Give back the lines below exactly, but do not include any pictures.

___ Supplied data

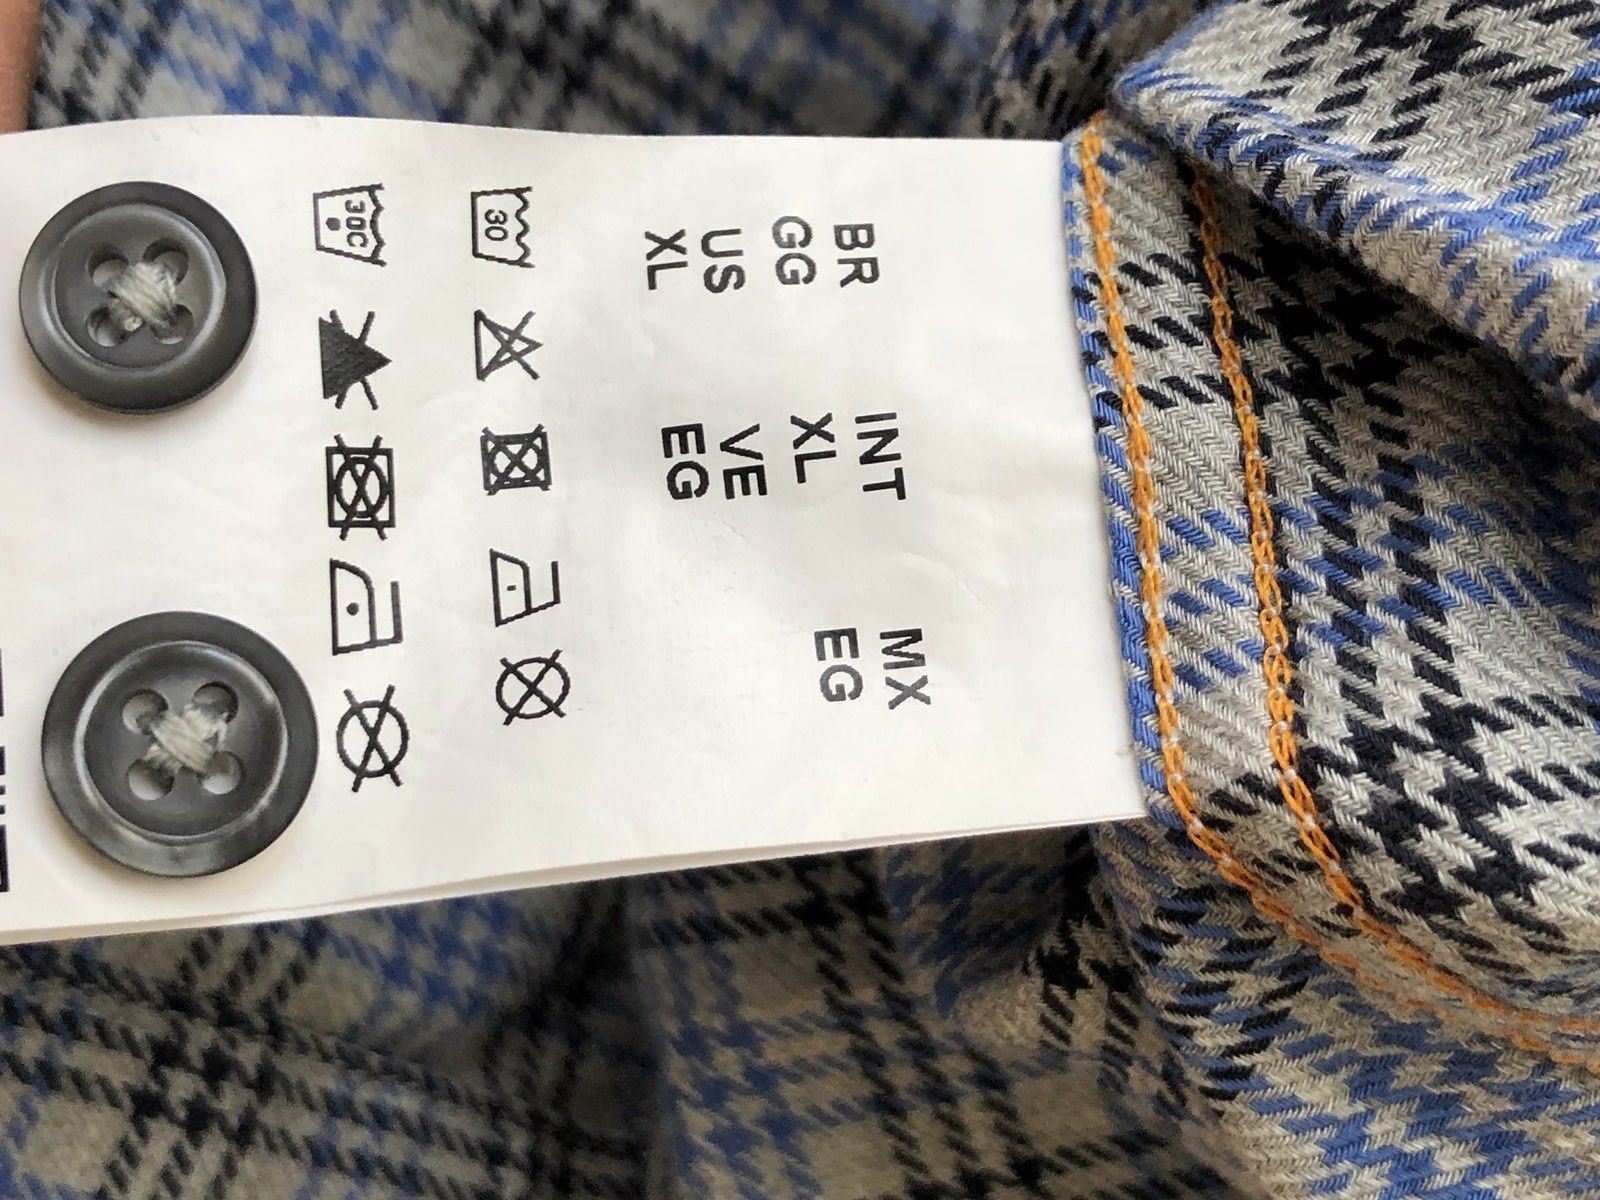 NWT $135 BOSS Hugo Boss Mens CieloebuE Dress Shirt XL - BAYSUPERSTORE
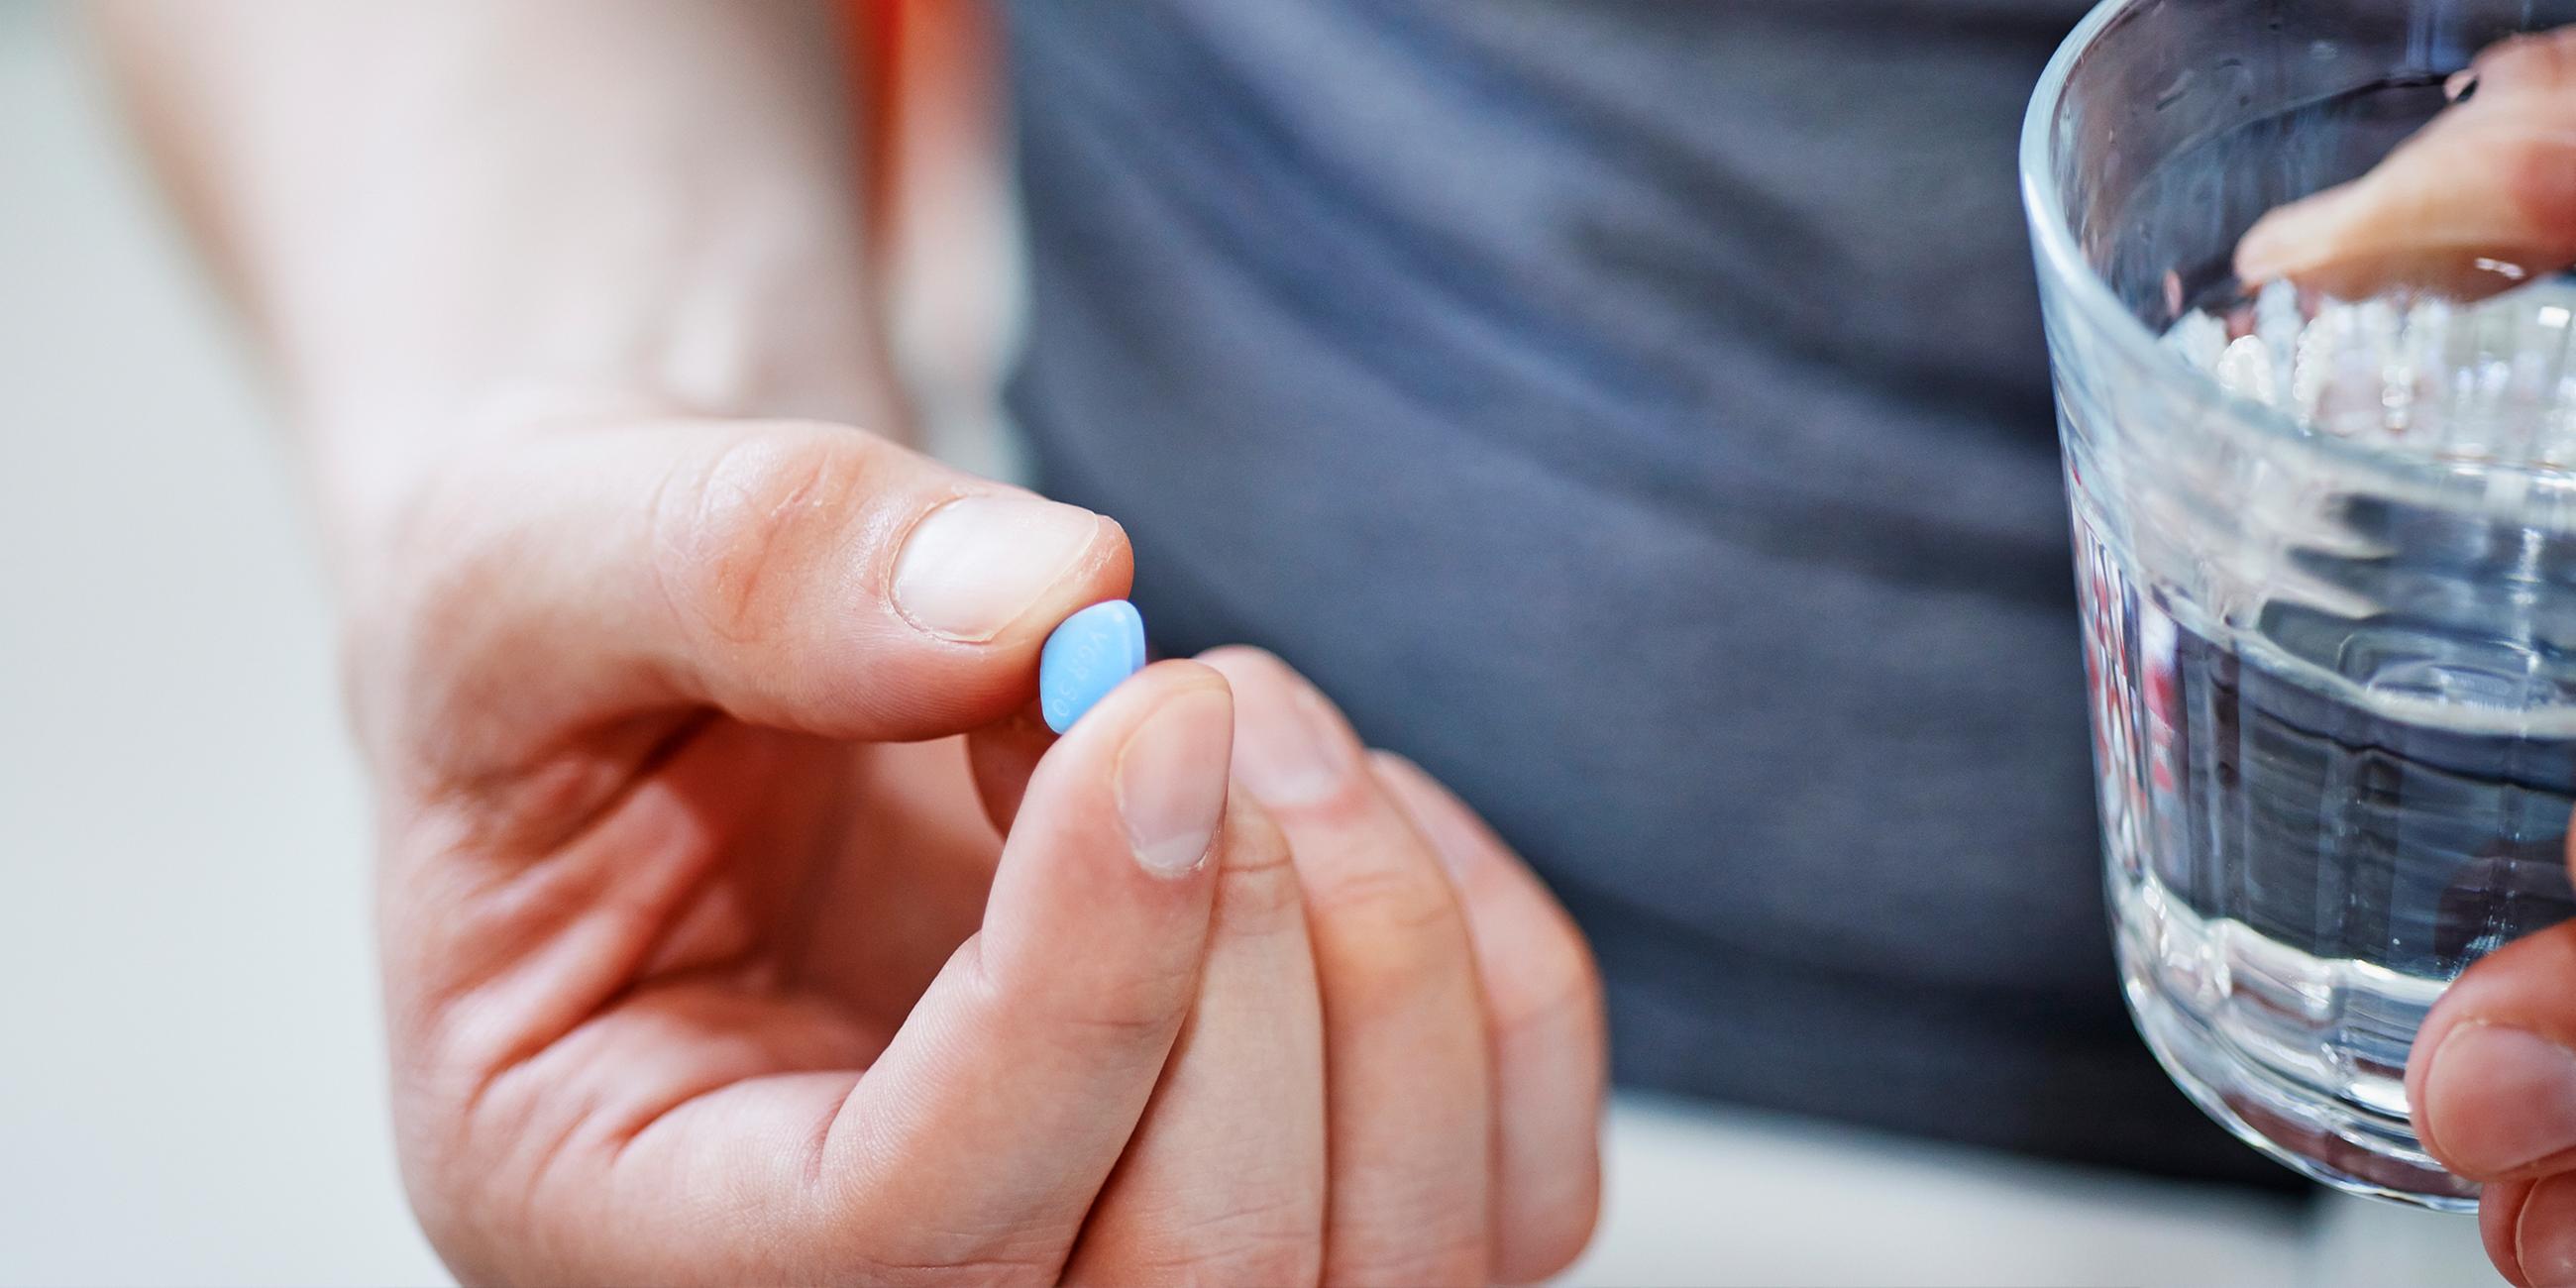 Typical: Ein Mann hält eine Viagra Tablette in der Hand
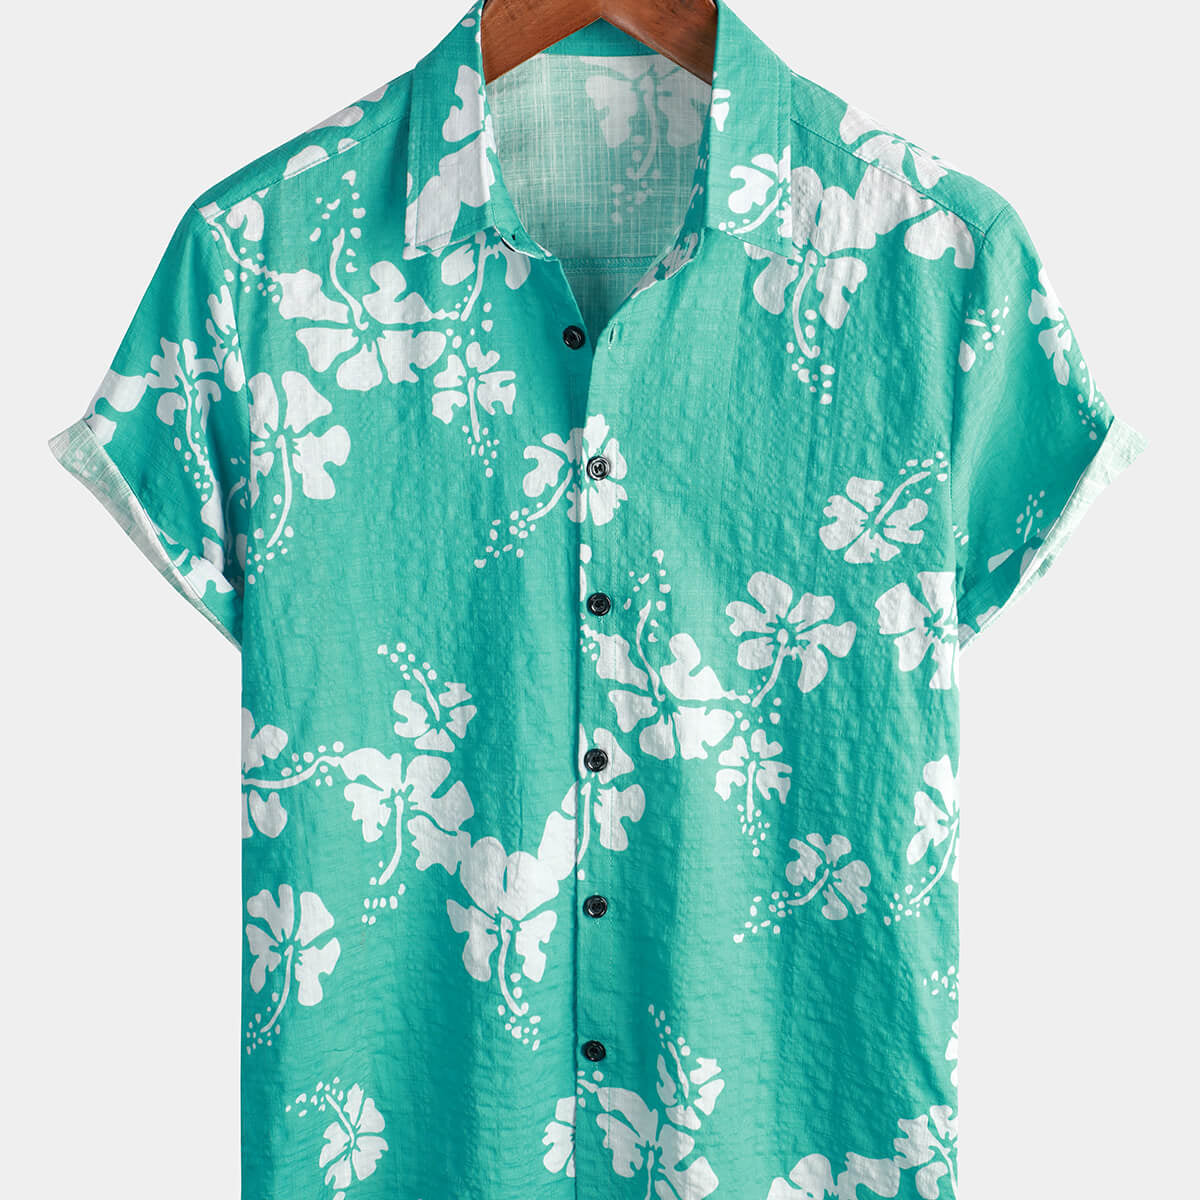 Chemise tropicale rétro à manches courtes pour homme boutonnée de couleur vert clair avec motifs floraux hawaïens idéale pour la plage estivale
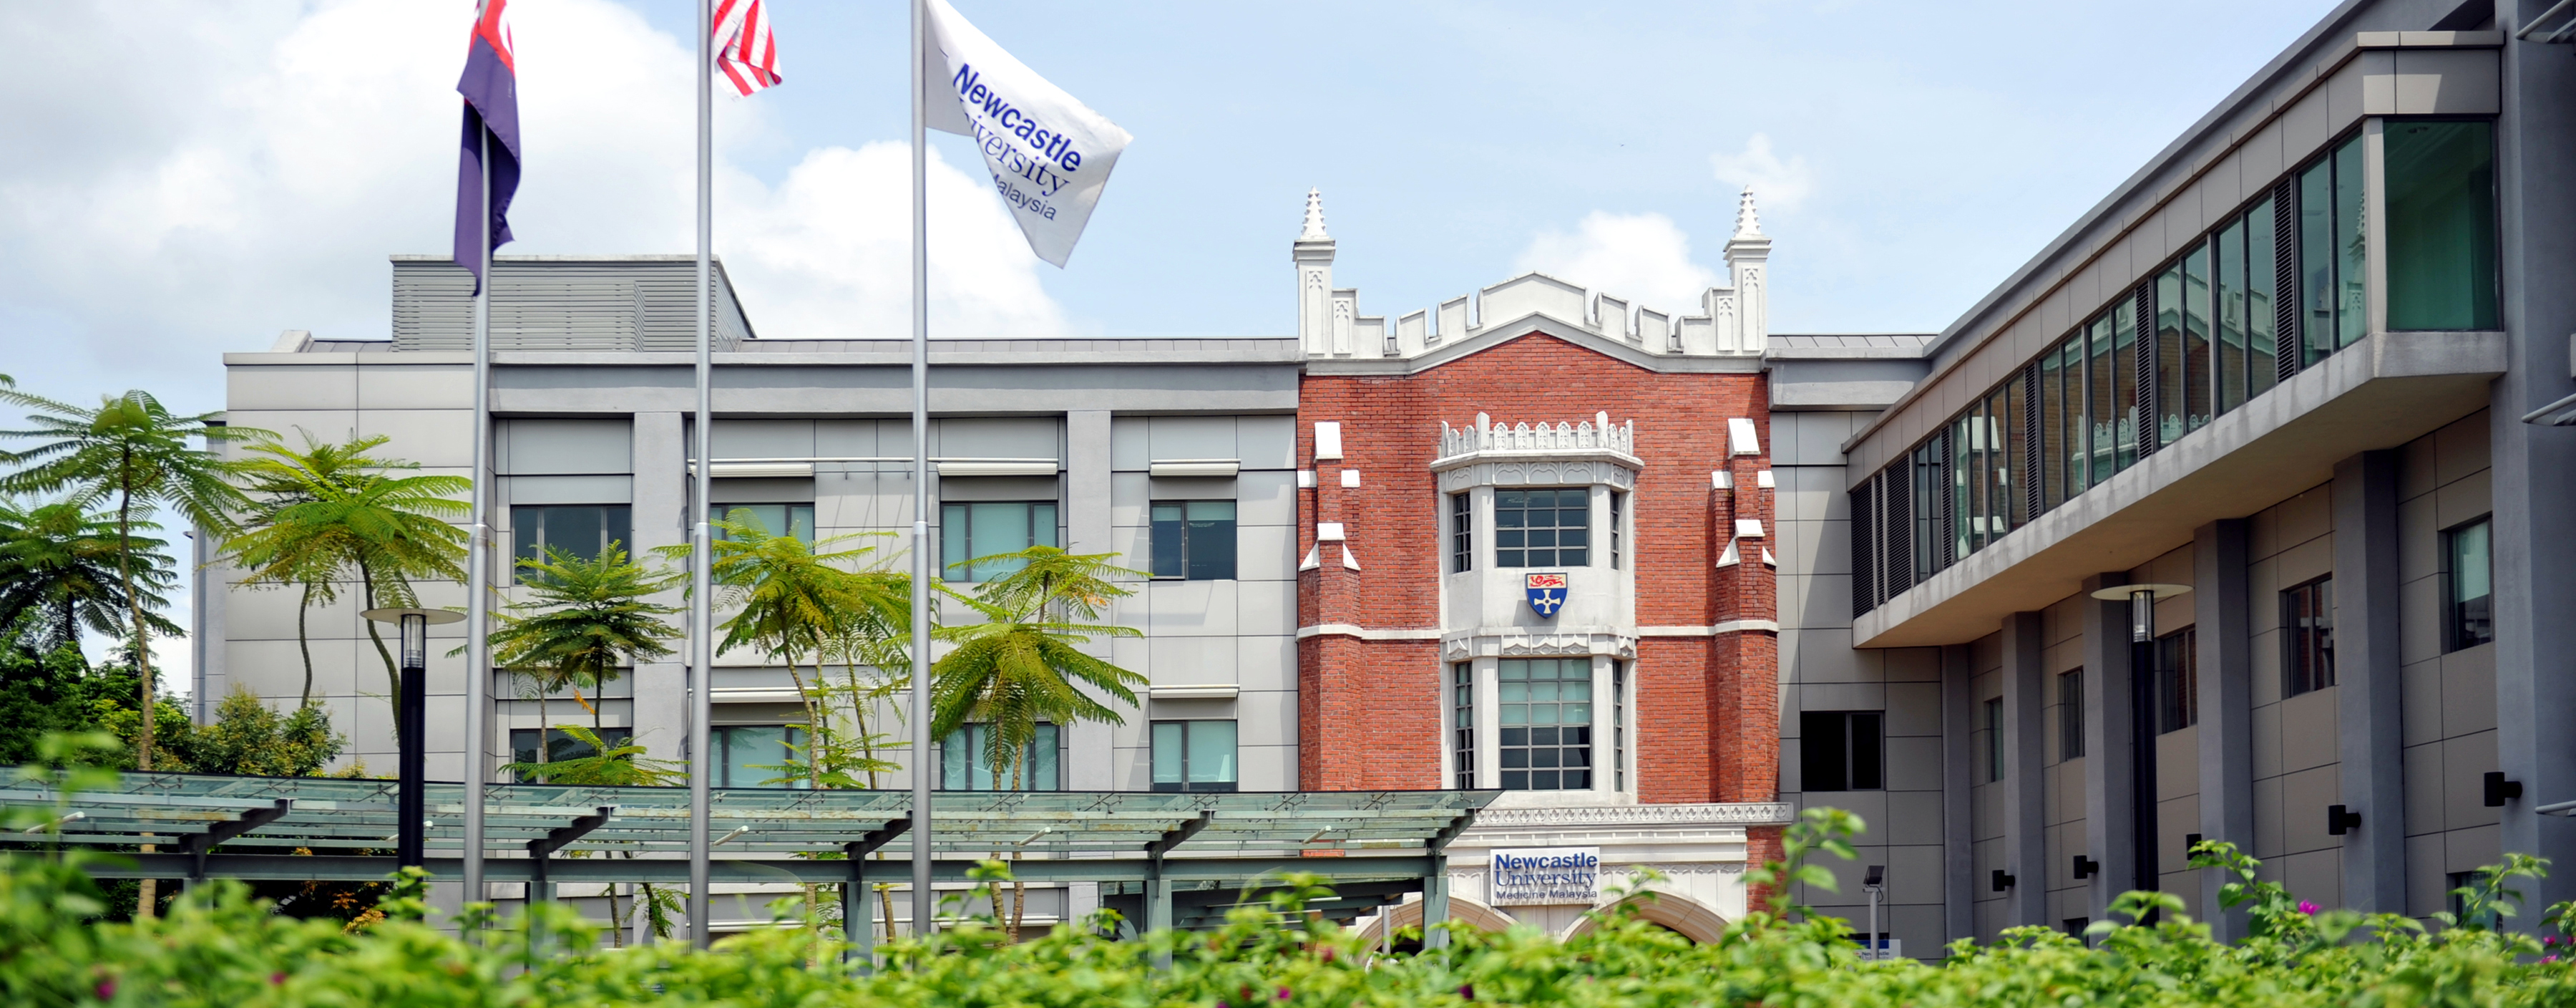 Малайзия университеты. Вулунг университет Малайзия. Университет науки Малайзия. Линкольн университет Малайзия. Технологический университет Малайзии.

______

# Written response:
 NWT $135 BOSS Hugo Boss Mens CieloebuE Dress Shirt XL - BAYSUPERSTORE
 Typical: Ein Mann hält eine Viagra Tablette in der Hand
 Chemise tropicale rétro à manches courtes pour homme boutonnée de couleur vert clair avec motifs floraux hawaïens idéale pour la plage estivale
 Малайзия университеты. Вулунг университет Малайзия. Университет науки Малайзия. Линкольн университет Малайзия. Технологический университет Малайзии.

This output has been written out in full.